Information provided
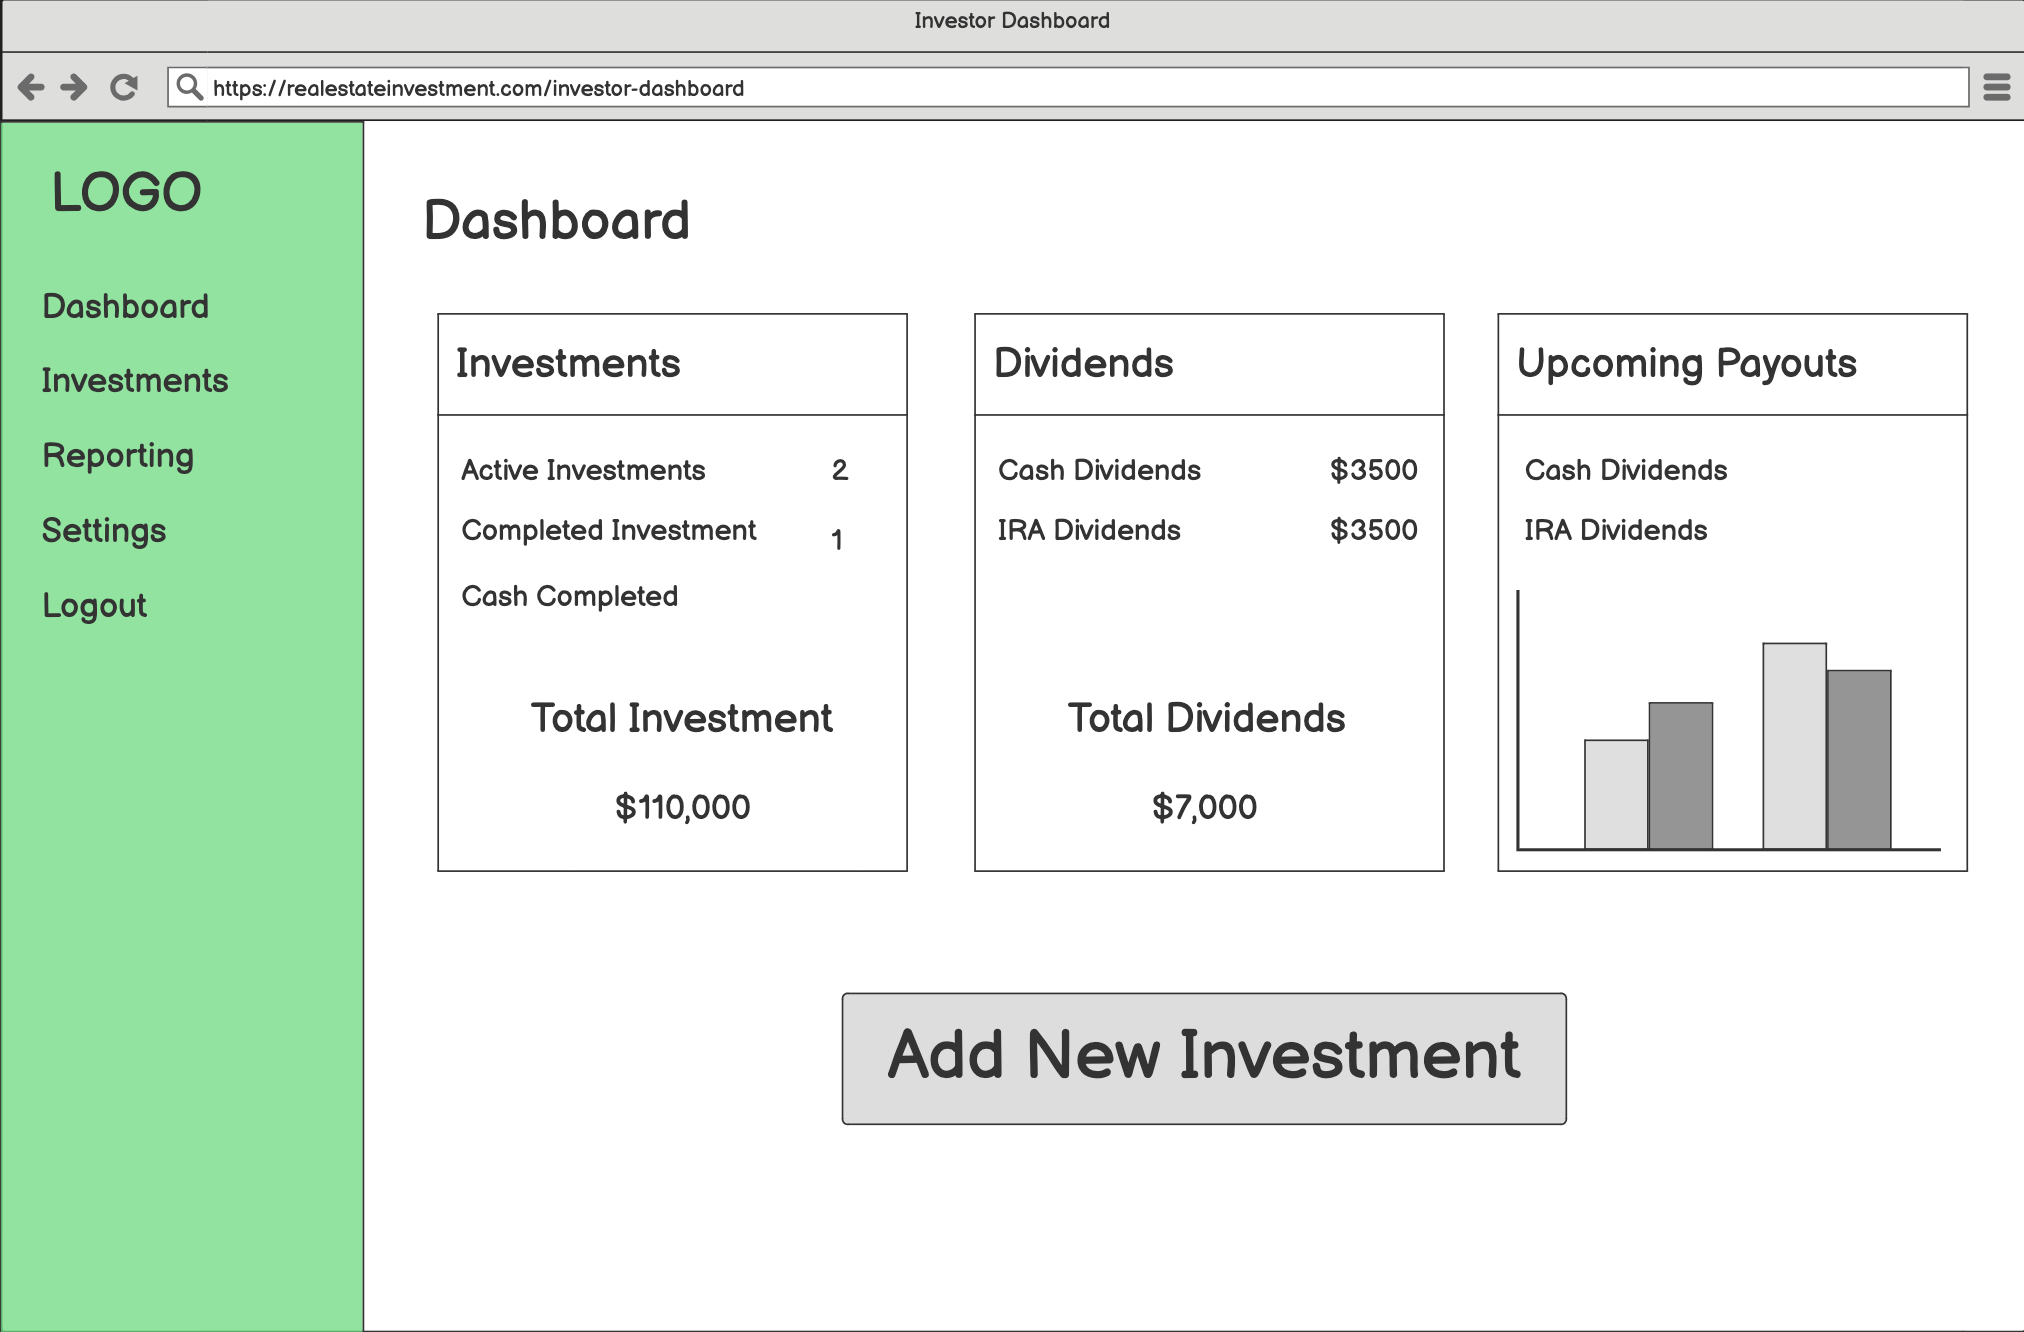 Private equity investor dashbord
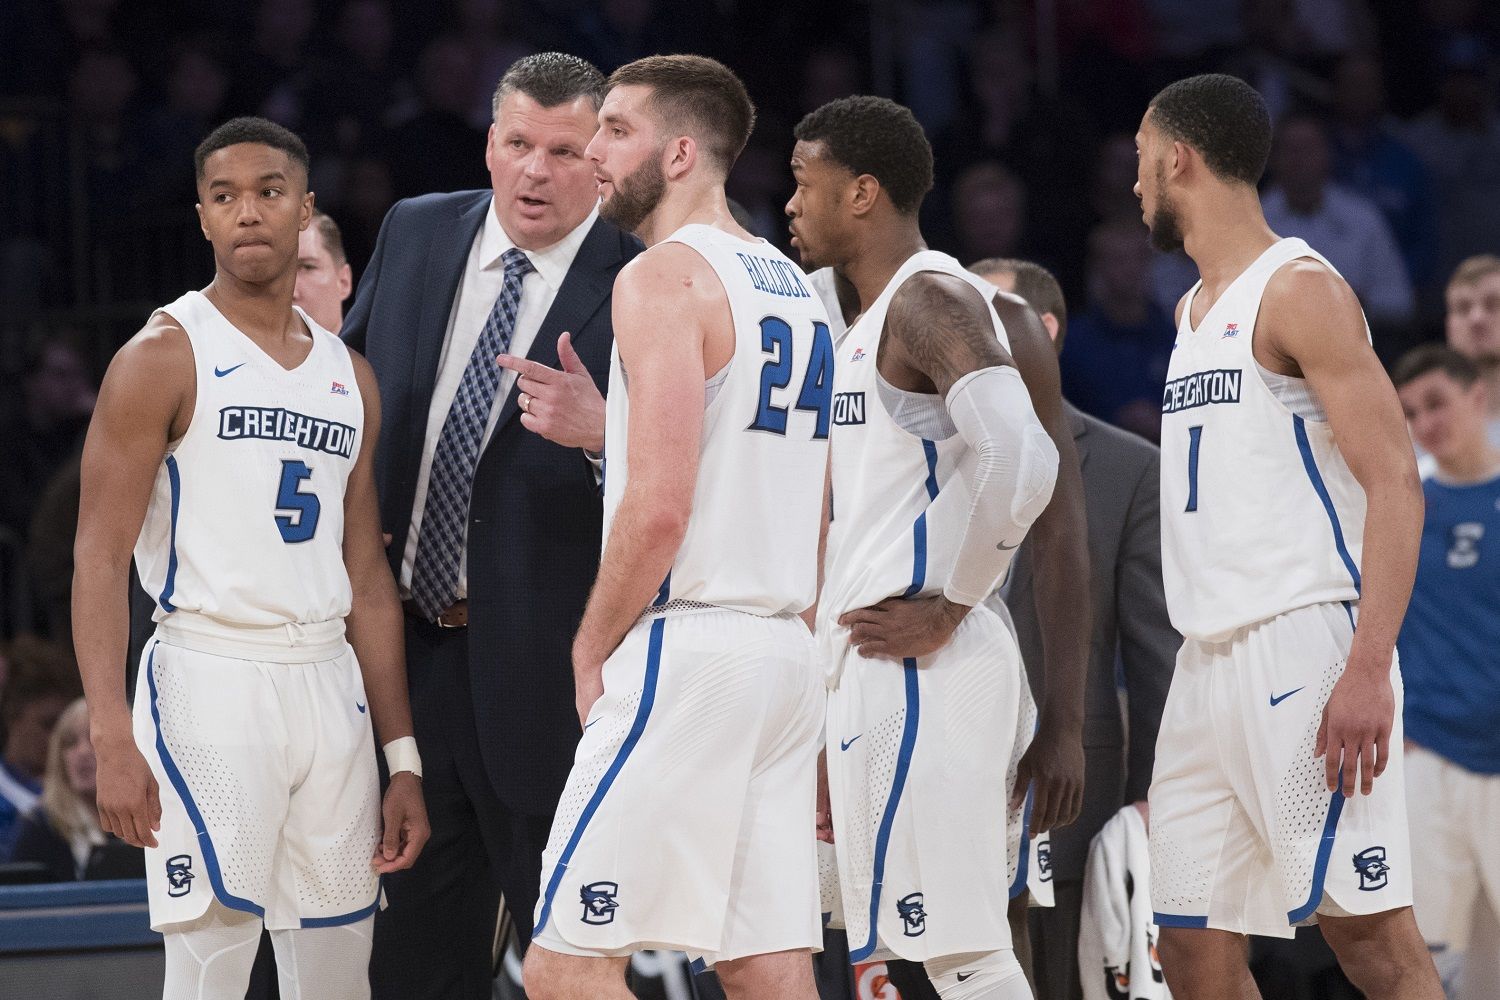 Creighton head coach Greg McDermott, second from left, talks to his team during a time out in the second half of an NCAA college basketball game against Providence in the quarterfinals of the Big East conference tournament, Thursday, March 8, 2018, at Madison Square Garden in New York. Providence won 72-68 in overtime. (AP Photo/Mary Altaffer)
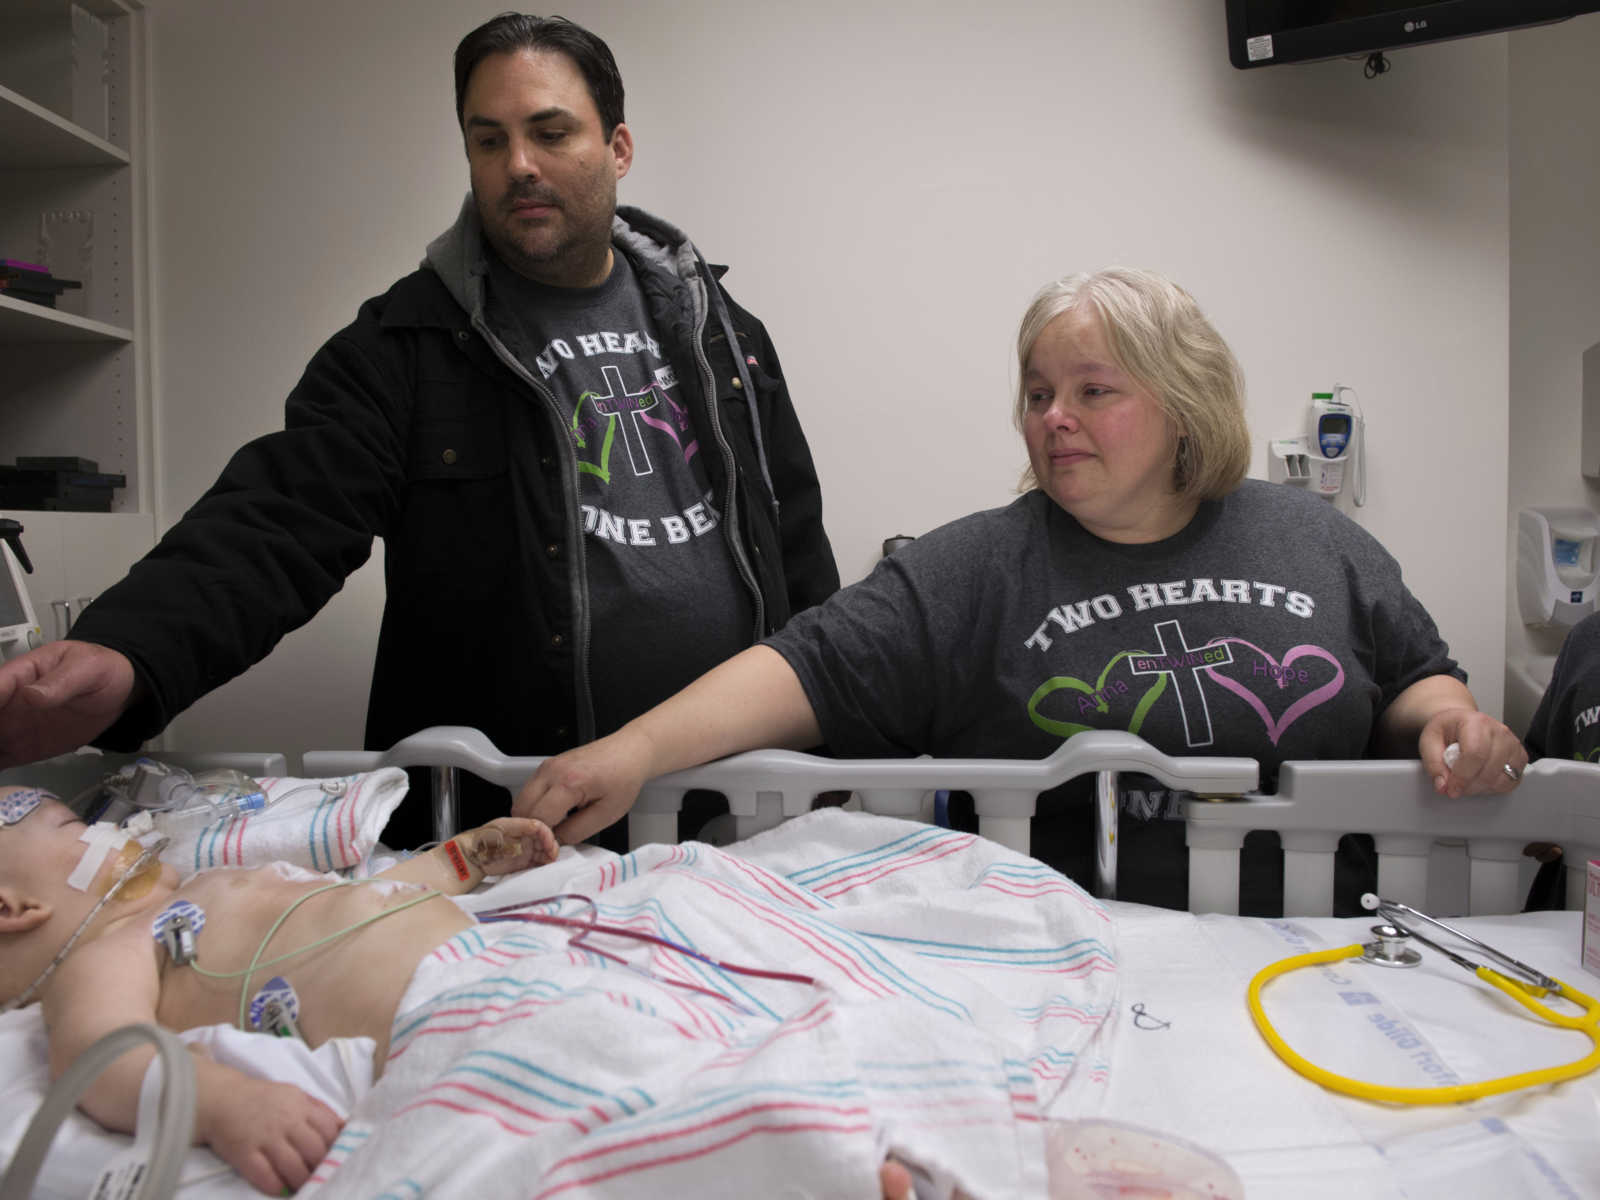 mom and dad standing at side of hospital bed reach arms out to touch baby after surgery

Exercise directions
Only the lines from the line with "Creighton head coach" through the final line of the material belong in the answer, copied exactly and without pictures.

Answer for the task
 Creighton head coach Greg McDermott, second from left, talks to his team during a time out in the second half of an NCAA college basketball game against Providence in the quarterfinals of the Big East conference tournament, Thursday, March 8, 2018, at Madison Square Garden in New York. Providence won 72-68 in overtime. (AP Photo/Mary Altaffer)
 mom and dad standing at side of hospital bed reach arms out to touch baby after surgery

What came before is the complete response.